April 2026

Routing Python LLM Requests to Cheaper Models Based on Task Complexity

Not all LLM requests are equal, but most systems treat them as if they are. A classification task and a multi-document synthesis task both hit the same client.chat.completions.create() call with the same model. One needs a fraction of the capability you are paying for.

This post shows how to route Python LLM requests to cheaper models based on task complexity. First building a complete router from scratch, then replacing the boilerplate with Kalibr.

Complexity Signals That Actually Matter

Before writing any routing code, you need to know what makes a task complex. There are four signals that are reliable and easy to extract without an extra API call:

Input length. Longer inputs generally require more synthesis. A 50-token prompt asking for a label is different from a 3,000-token prompt asking for an analysis.

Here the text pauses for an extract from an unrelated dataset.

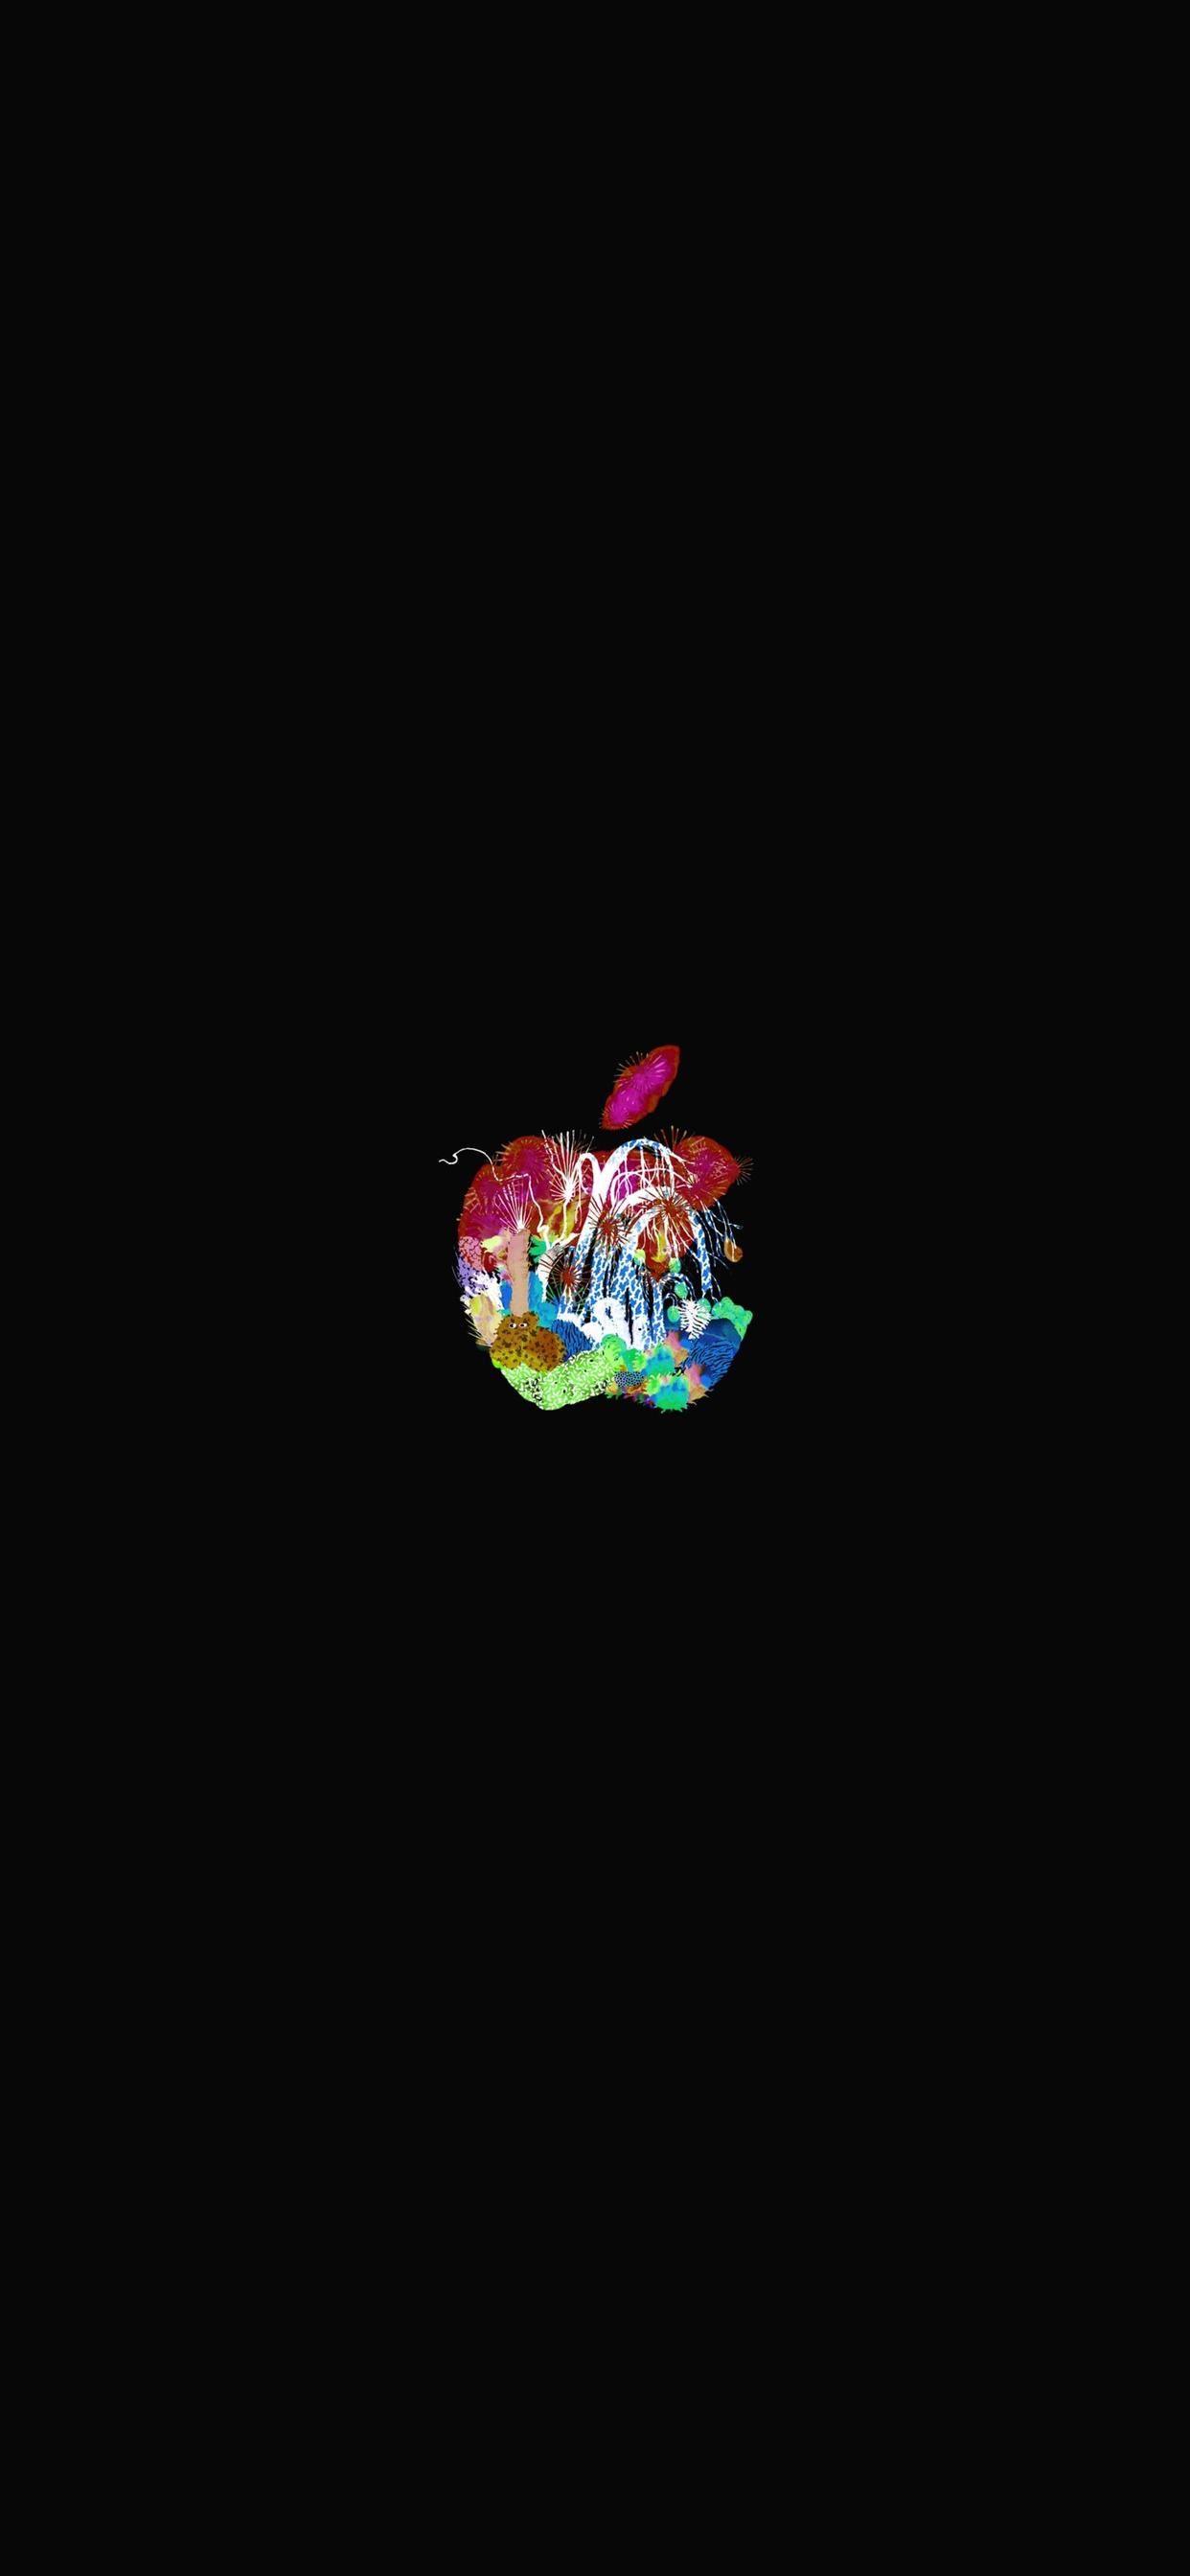 iPhone wallpaper apple logo 21 Apple logo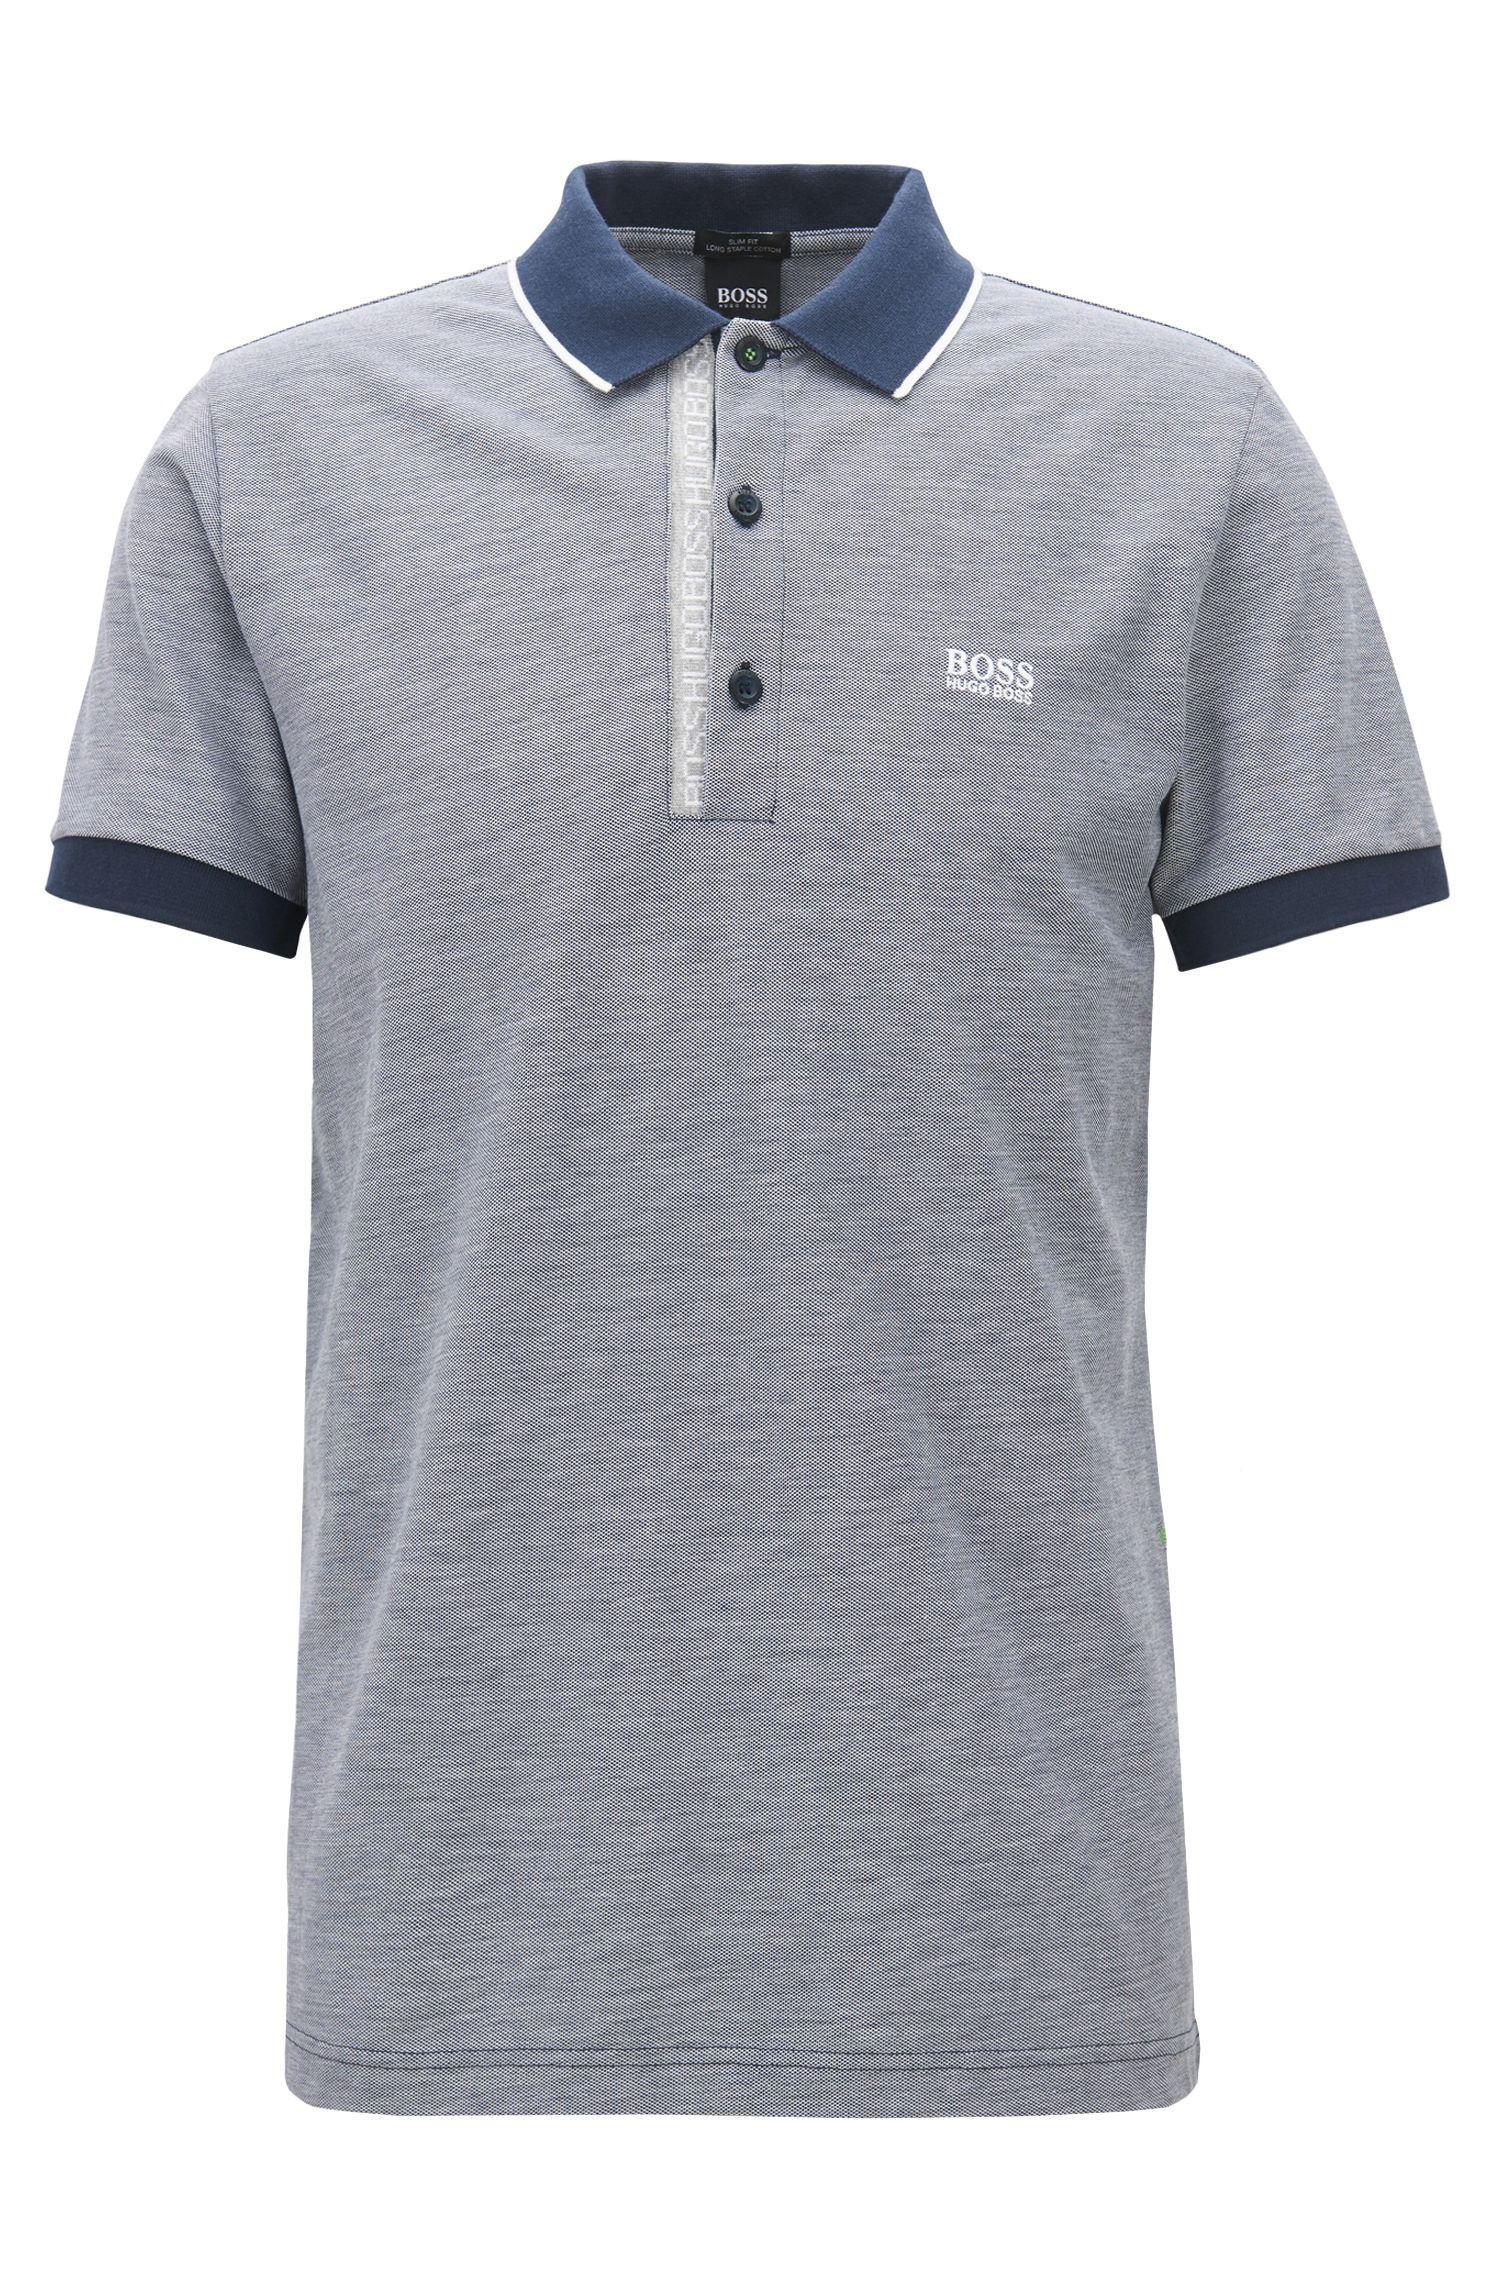 Slim-fit logo polo shirt in cotton piqué, Dark Blue

Task type. Extraction and classification tasks have bounded outputs and require matching, not reasoning. Generation tasks (writing, synthesis, analysis) require more capability.

Structured output requirements. If you need JSON with a specific schema, nested fields, or constrained types, failure modes are more expensive. A cheap model that returns malformed JSON costs you a retry.

Presence of multi-step reasoning cues. Phrases like "compare and contrast," "explain why," "what are the tradeoffs" signal that the model needs to hold multiple threads simultaneously.

Building a TaskComplexityRouter from Scratch

Here is a complete implementation with complexity scoring, model selection, and outcome tracking:

from __future__ import annotations

import re
import time
from dataclasses import dataclass, field
from typing import Any

from openai import OpenAI

client = OpenAI()


@dataclass
class ModelStats:
    model: str
    successes: int = 0
    failures: int = 0
    total_cost_usd: float = 0.0

    @property
    def success_rate(self) -> float:
        total = self.successes + self.failures
        if total == 0:
            return 0.5  # Neutral prior
        return self.successes / total


# Token costs per 1M tokens (input, output)
MODEL_COSTS = {
    "gpt-4o-mini": (0.15, 0.60),
    "gpt-4o":      (2.50, 10.00),
}


def estimate_cost(model: str, input_tokens: int, output_tokens: int) -> float:
    input_rate, output_rate = MODEL_COSTS.get(model, (2.50, 10.00))
    return (input_tokens * input_rate + output_tokens * output_rate) / 1_000_000


class TaskComplexityRouter:
    """Routes LLM requests to cheaper models based on task complexity."""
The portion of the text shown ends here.